Machines communicate by using infrared light
A distinguishing feature of industry 4.0 is the large amount of data generated when production processes are linked. Previously, data streams were sent primarily by cable, but this method is cumbersome when used in industrial processes and the cables are also prone to wear and tear. Transferring data using a wireless LAN is not a viable alternative because it is not fast enough. To solve this problem, engineers at the Fraunhofer Institute for Photonic Microsystems IPMS have developed a module that transmits data rapidly and securely using infrared light.
Industry 4.0, as it’s known in Germany, has already been introduced into many industrial production processes. Companies no longer want mass production; they prefer small-batch or customized fabrication. The manufacturing environment of the future requires decentralized processes with production chains that are continuously monitored via machine-to-machine communication. In this setup, sensors, machines, controllers and regulator units communicate with each other while exchanging enormous amounts of data. This type of data transfer used to be carried out almost exclusively with cables, since RF-based data transmission via wireless LAN is too slow, inefficient and vulnerable to radio network disturbances and unauthorized access. But as demand for higher data rates, more robustness, lower energy consumption, better data security and interconnectivity grows, the need to exchange data in a wireless way is growing as well.
The Fraunhofer Institute for Photonic Microsystems IPMS in Dresden is working on technologies that transmit data via infrared light. Such systems can already achieve transmission speeds of up to 12.5 gigabits per second over short distances, and up to 1 gigabit per second for distances of up to 30 meters.
The main benefit of wireless systems is that they offer greater reliability and security than expensive specialty cables that are prone to wear and tear. This is of special importance for systems with articulated or moving parts. Using a wireless communication module also means there is no need for expensive retooling or maintenance work – resulting in significant savings in setup and upkeep costs.
Researchers on the Optical Wireless Communication team led by Dr. Frank Deicke have developed a plug-and-play communication module that can be easily integrated into existing control systems and machine infrastructures. Based on Li-Fi technology, their transceiver replaces the HF plug connectors (which are prone to wear) in these applications, allowing for improved board-to-board communication.
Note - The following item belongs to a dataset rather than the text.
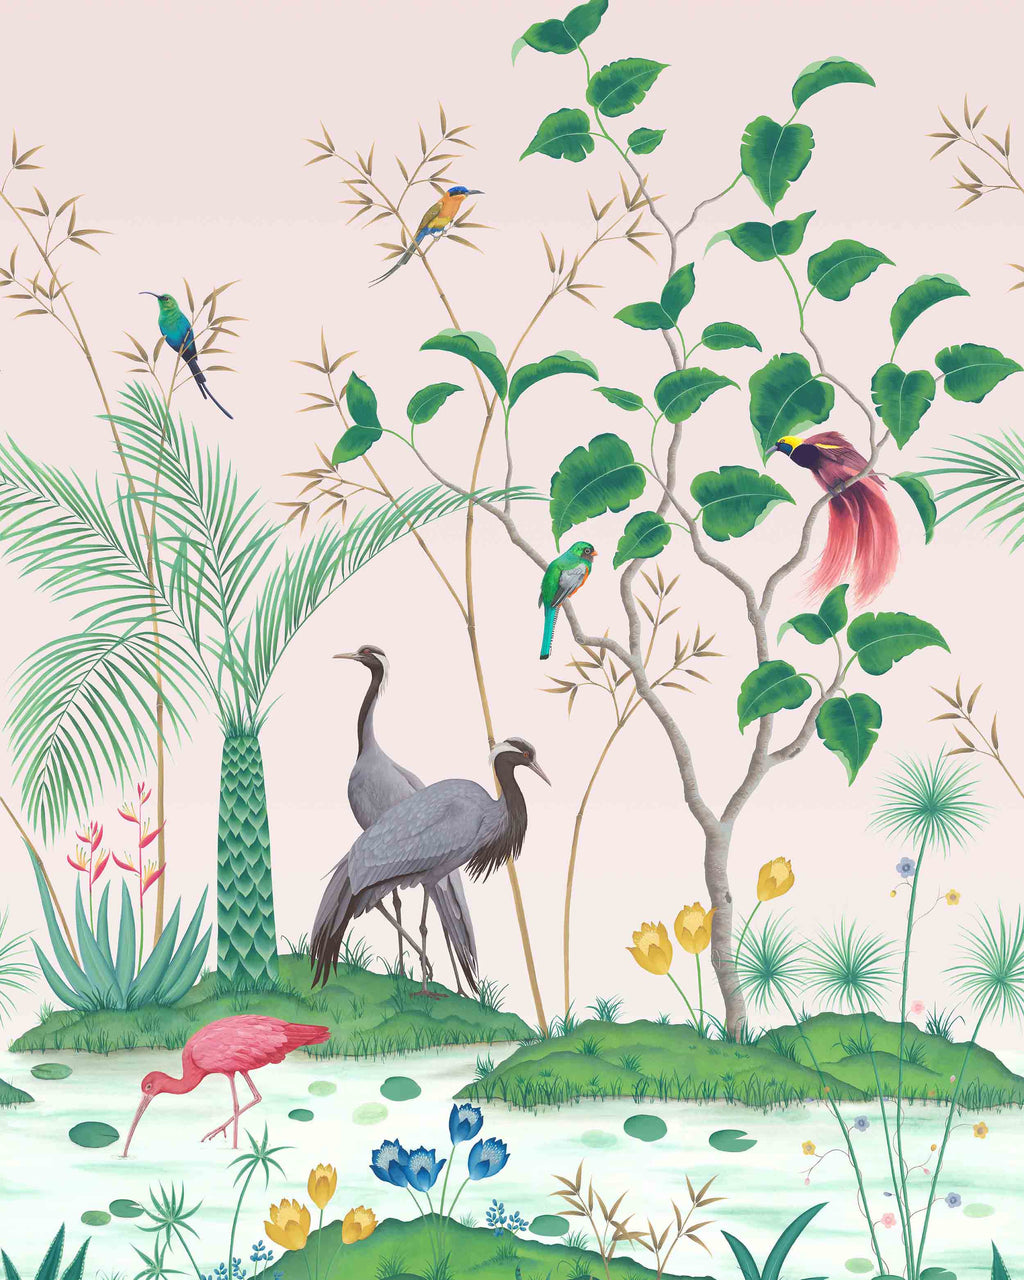 A stunning design created exclusively for Osborne & Little for their Empyrea range, featuring blue herons, palm trees and rambling botanicals. Mirage has been designed exclusively for Osborne & Little by Diane Hill and Joanna Charlotte .The finished piece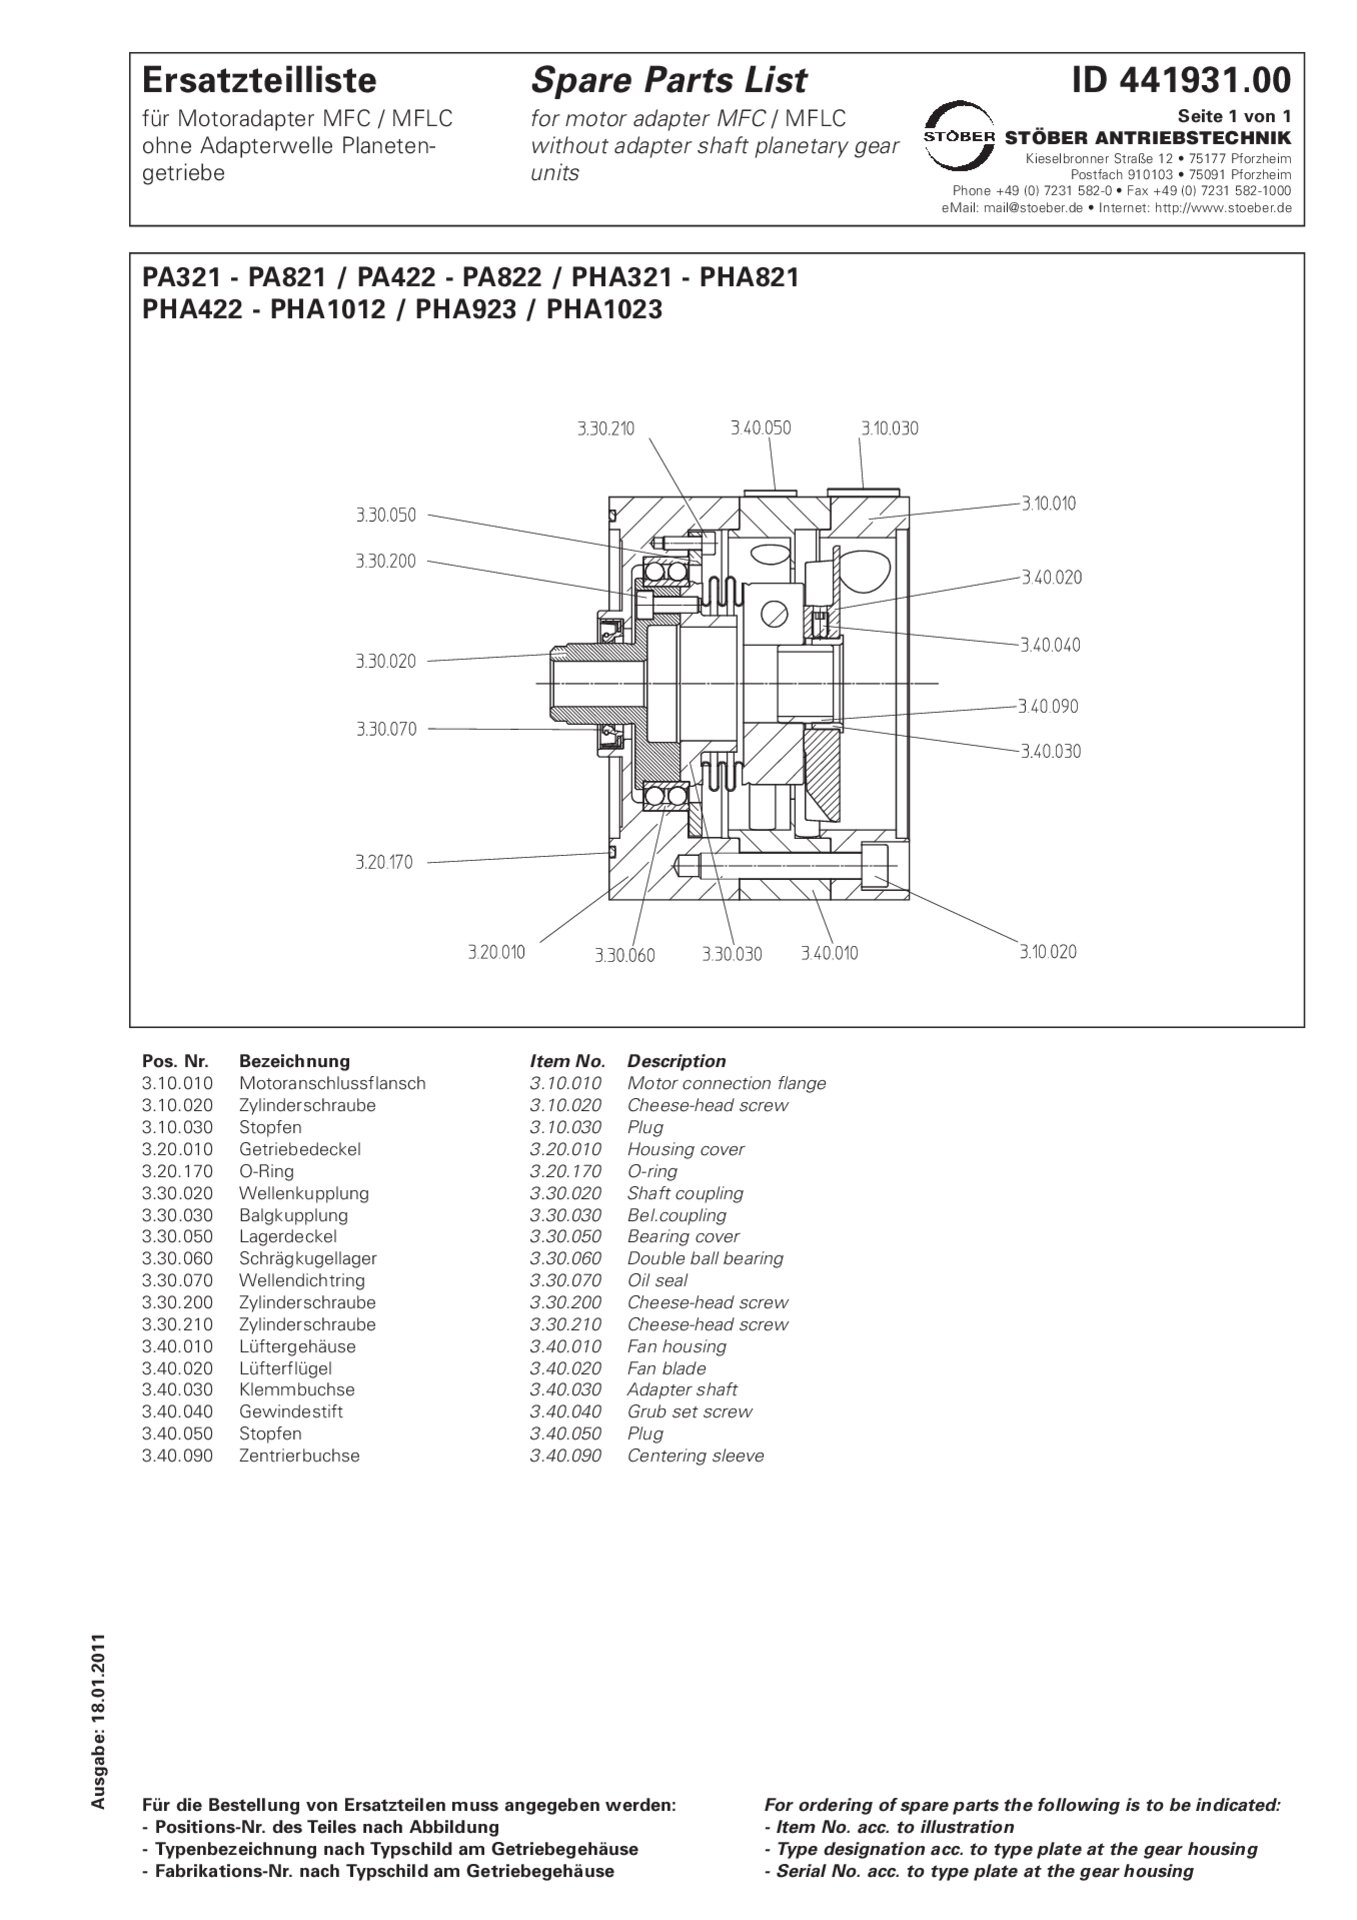 Spare parts list MFC / MFLC without adapter shaft PA / PHA

This means high-frequency signals can be transferred faster and more reliably between two circuit boards. Presently, the smallest of these transceiver modules measures a mere 2 x 2 x 2 millimeters in size. The transceiver module is particularly well-suited for industrial applications where large amounts of data have to be transferred at very high speeds, and for which HF connector plugs are no longer suitable for reasons of mechanical robustness and reliability.
The transceiver performs just as well as cables or plug connectors do, and it is also up to 10 times faster than current radio-based solutions. Other benefits of infrared transceivers include negligible bit error rates (<10-11), low energy consumption and reduced costs. In addition, infrared data transmission provides better reliability and security. This is because unlike radio waves, the light waves are transmitted only within a limited beam range, so an opaque panel is sufficient to protect against industrial espionage attempts.